Up to this point the focus has been on the task of losing excess altitude. For example, in the situation shown in Figure 3-27, you are faced with the requirement to reduce altitude from 11,000 feet to 3,000 feet. Most descent scenarios also present the challenge of losing excess speed. In piston aircraft of modest performance, losing excess speed seldom requires much forethought. Slowing from a cruising speed of 120 knots to an approach speed of 100 knots requires little planning and can be accomplished quickly at almost any point during a descent. Flying higher performance aircraft requires a closer look at concepts of excess altitude and excess speed.

Figure 3-27. The descent planning task.

Figure 3-27. The descent planning task. [click image to enlarge]

Higher performance piston engines usually require descent scheduling to prevent engine shock cooling. Either the engines must be cooled gradually before descent, or power must be constant and considerable in the descent to prevent excessive cooling. In such instances, a much longer deceleration and gradual engine cooling must be planned to prevent powerplant damage. Additionally, the turbulence penetration or VA speeds should be considered with respect to weather conditions to avoid high speeds in turbulent conditions, which could result in overstressing the airframe.
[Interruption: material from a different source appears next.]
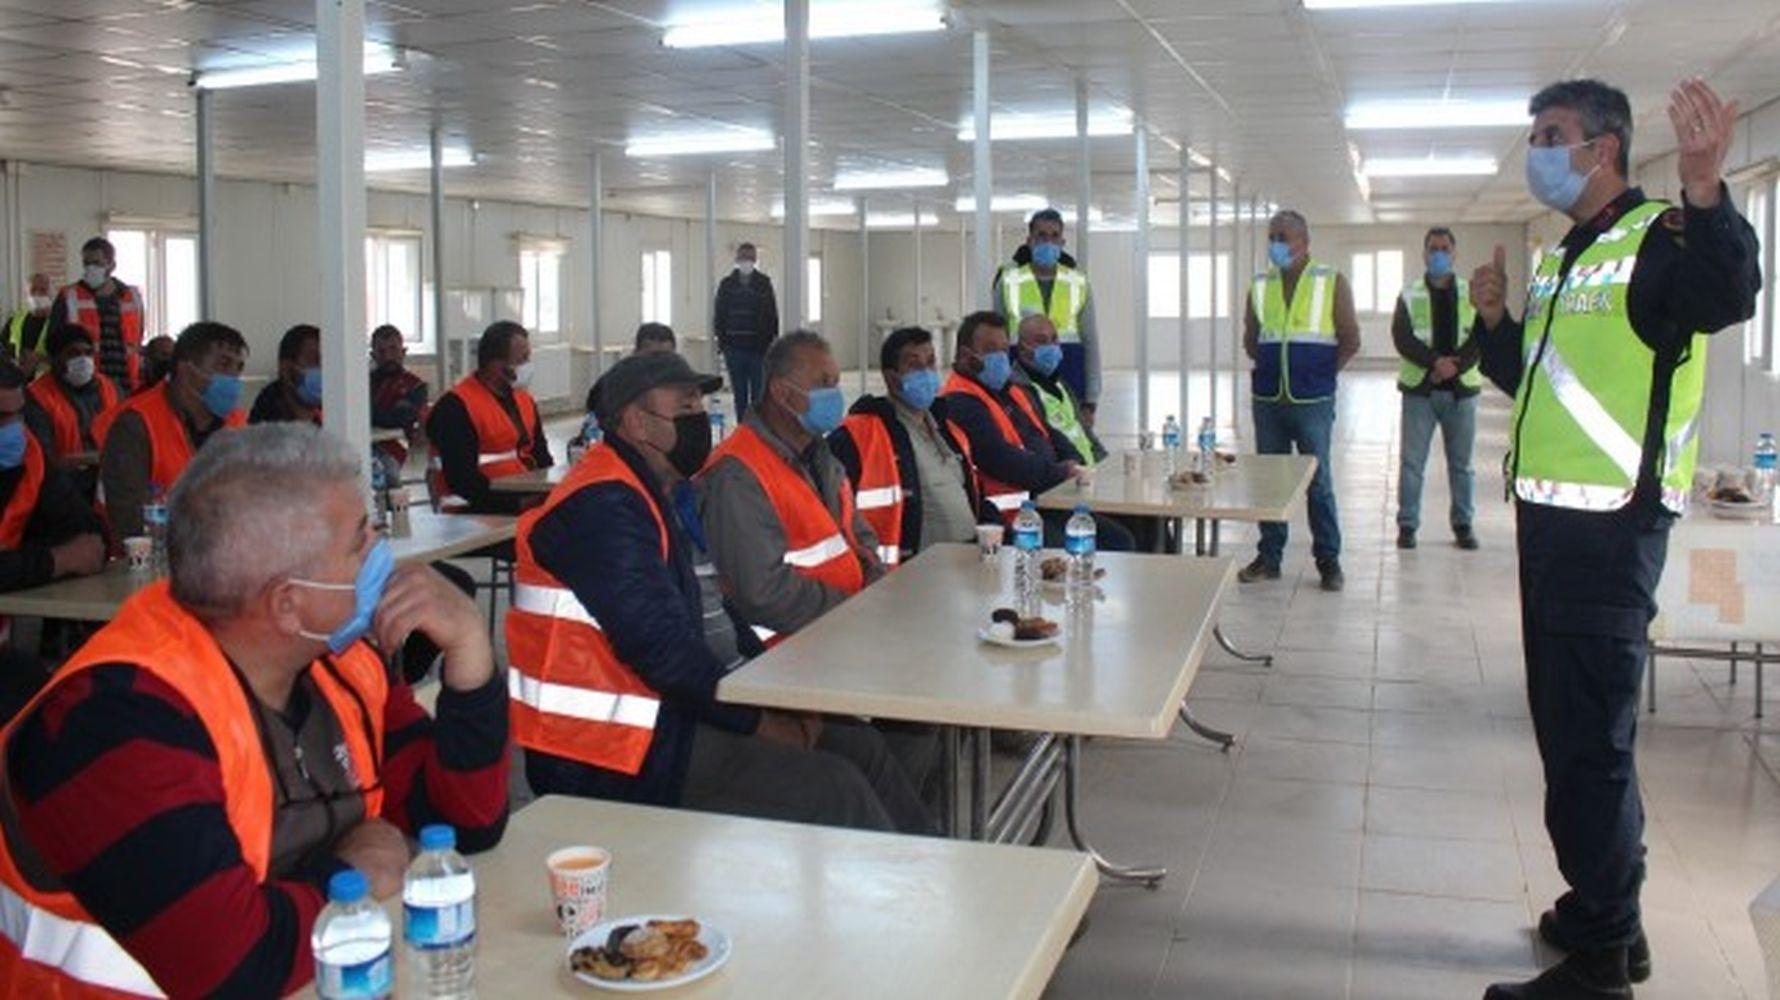 İzmir ankara high speed train construction training for drivers from the gendarmerie
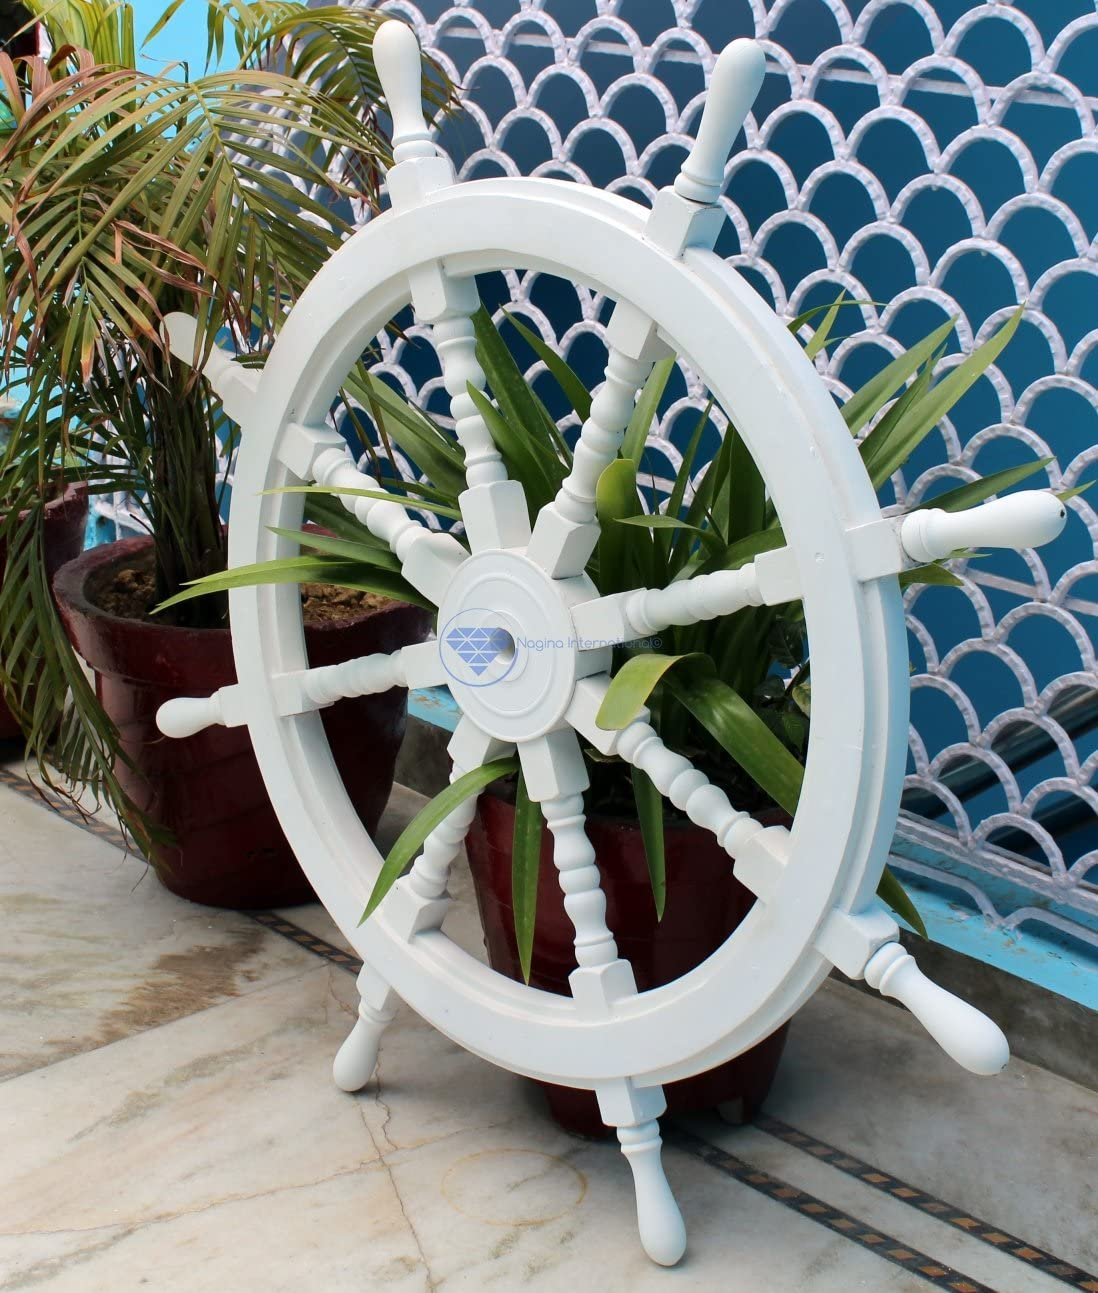 Nagina International White Washed Ship Wheel Wood Ship's Wheels/Wood Ship Steering Wheel/Nautical Home Decor (48 Inches)

Drag devices such as spoilers can be of great advantage for such maneuvers. In the scenario in Figure 3-27, a cruising speed of 270 knots is inappropriate as the aircraft descends below 10,000 feet, and even more so as it enters Class C airspace. Therefore, descent planning must include provisions for losing excess airspeed to meet these speed restrictions.

Some sophisticated FMSs are able to build in a deceleration segment that can allow the aircraft to slow from the cruise speed to the desired end-of-descent speed during the descent. This type of navigation system allows you to maintain the cruise speed up until the top-of-descent point and calculates the deceleration simultaneously with the descent. A deceleration segment is illustrated in Figure 3-32.

Figure 3-32. A deceleration segment planned by a more sophisticated FMS.

Figure 3-32. A deceleration segment planned by a more sophisticated FMS. [click image to enlarge]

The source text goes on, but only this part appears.